Recall that the ruling All Progressives Caucus in the Nigerian Senate sacked the Majority Leader, Senator Ali Ndume, as its leader on Tuesday.
The decision was conveyed in a letter to the Senate President, Bukola Saraki, which was read on the floor of the chamber during the plenary, he also announced Senator Ahmed Lawan as its new leader.
While speaking exclusively to Premium Times hours after his removal on Tuesday, Senator Ndume said he was removed for insisting that the Senate did not follow the proper procedure before declaring that it had rejected the nomination of Ibrahim Magu as head of the Economic and Financial Crimes Commission (EFCC).
Speaking further, the lawmaker said he insisted that in view of the Senate’s standard procedures and practice, Magu had not been rejected by the Senate because there was no confirmation hearing for the nominee to defend claims made against him.
“What I said was that for us (Senate) to claim to have a rejected a nominee sent to us by the president, we have to follow the right procedure, and observe our rules.
“The nominee should have been called into the chamber and presented before senators who will then openly vote on whether to accept or reject his or her nomination.
“In the case of Magu, that was not done. We only had a closed-door session and when we emerged the Senate spokesperson claimed that he had been rejected. I had to set the record straight by saying we never rejected the nominee.
“This is because you don’t accept or reject a nominee at a closed session.
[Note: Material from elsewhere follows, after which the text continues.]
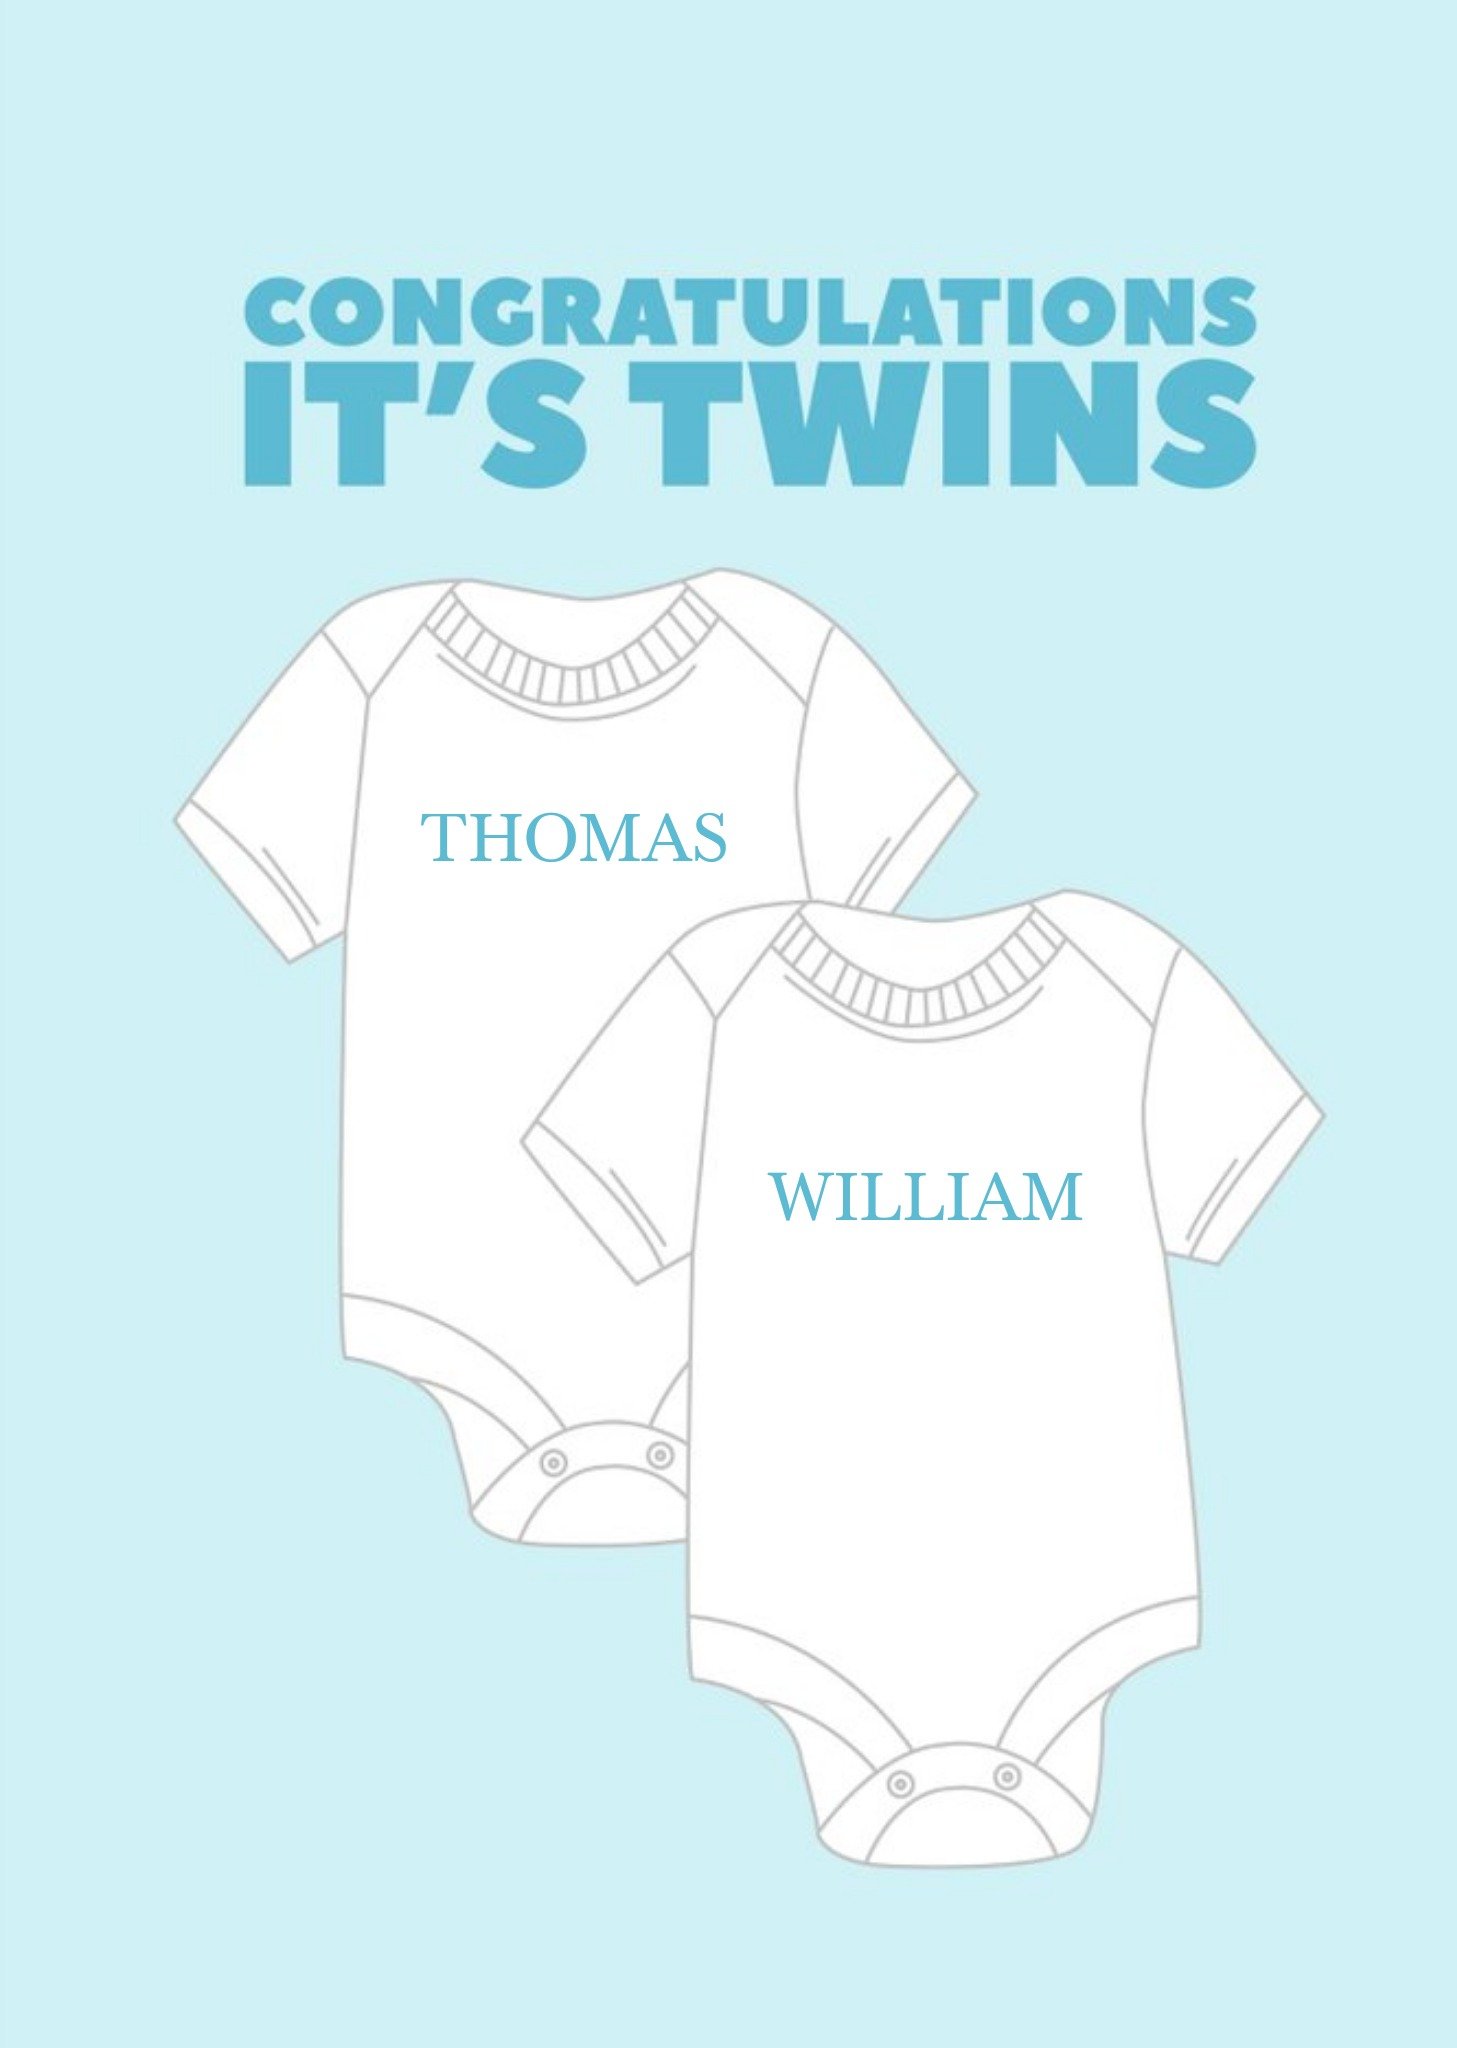 Moonpig Pearl And Ivy Illustrated Baby Grow Twins Congratulations Card Ecard
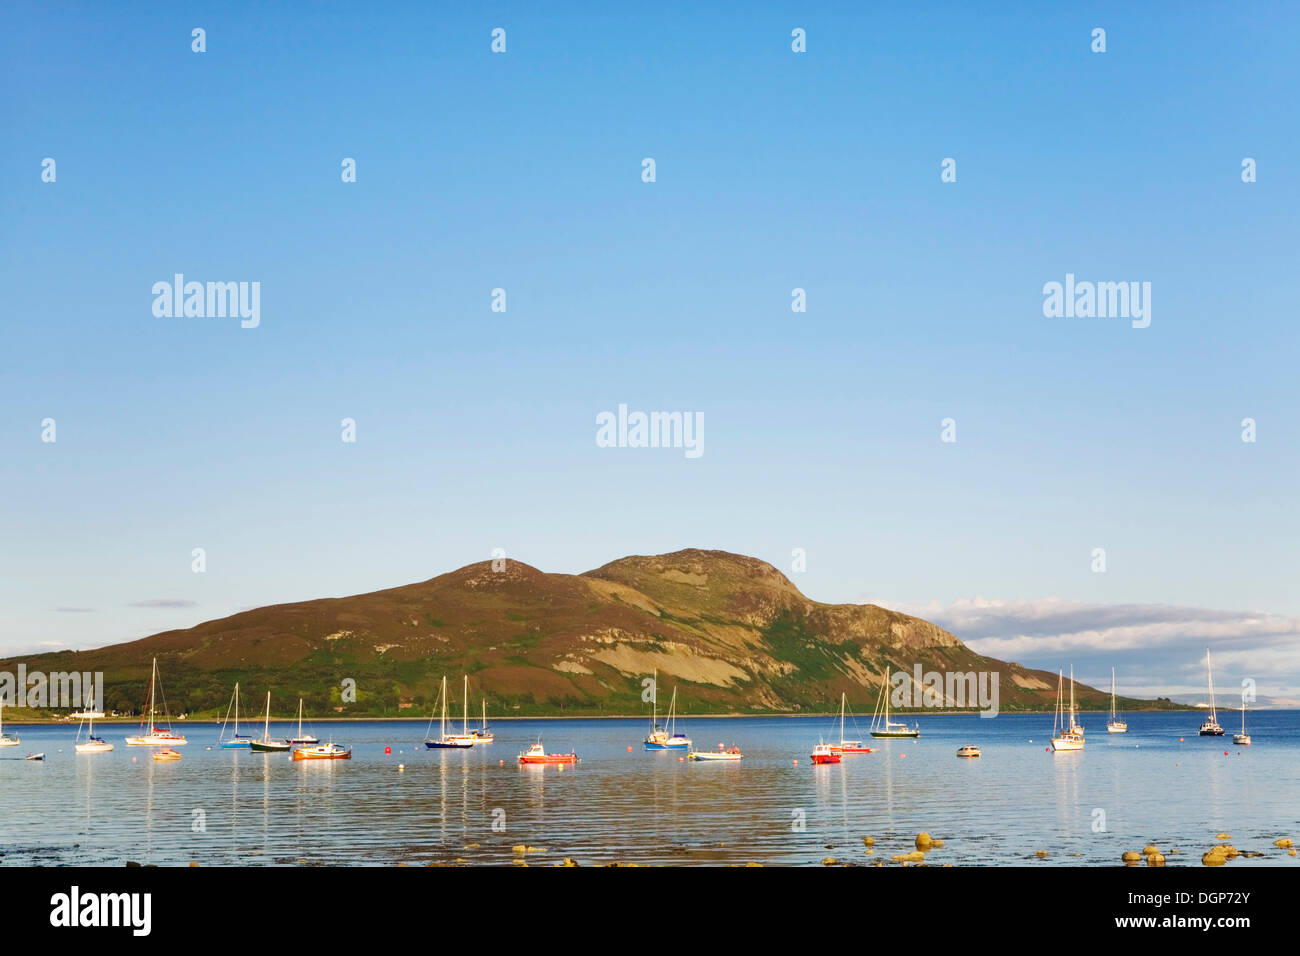 Boats in the bay of Lamlash in front of Holy Island, Isle of Arran, Scotland, United Kingdom, Europe Stock Photo

Our votes and proceedings are there as evidence of my claims,” he said.
Ndume said the clarification he made unsettled some of his colleagues, who immediately began to plot against him.
“I was surprised that such a simple and harmless clarification could rattle and anger some of my colleagues,” he said. “I thought it wasn’t a big deal to disagree over issues. I didn’t realise that that simple matter would snowball into a plot to remove me.
“The other day, somebody mentioned to me that the Senate President had commissioned Dino Melaye to collect signatures to remove me. I didn’t pay much attention to the information because I actually thought it was a joke or a rumour.
“I didn’t feel that disagreeing with colleagues, and sharing my understanding of what transpired at our closed session was an offence, grievous enough to cause my removal.”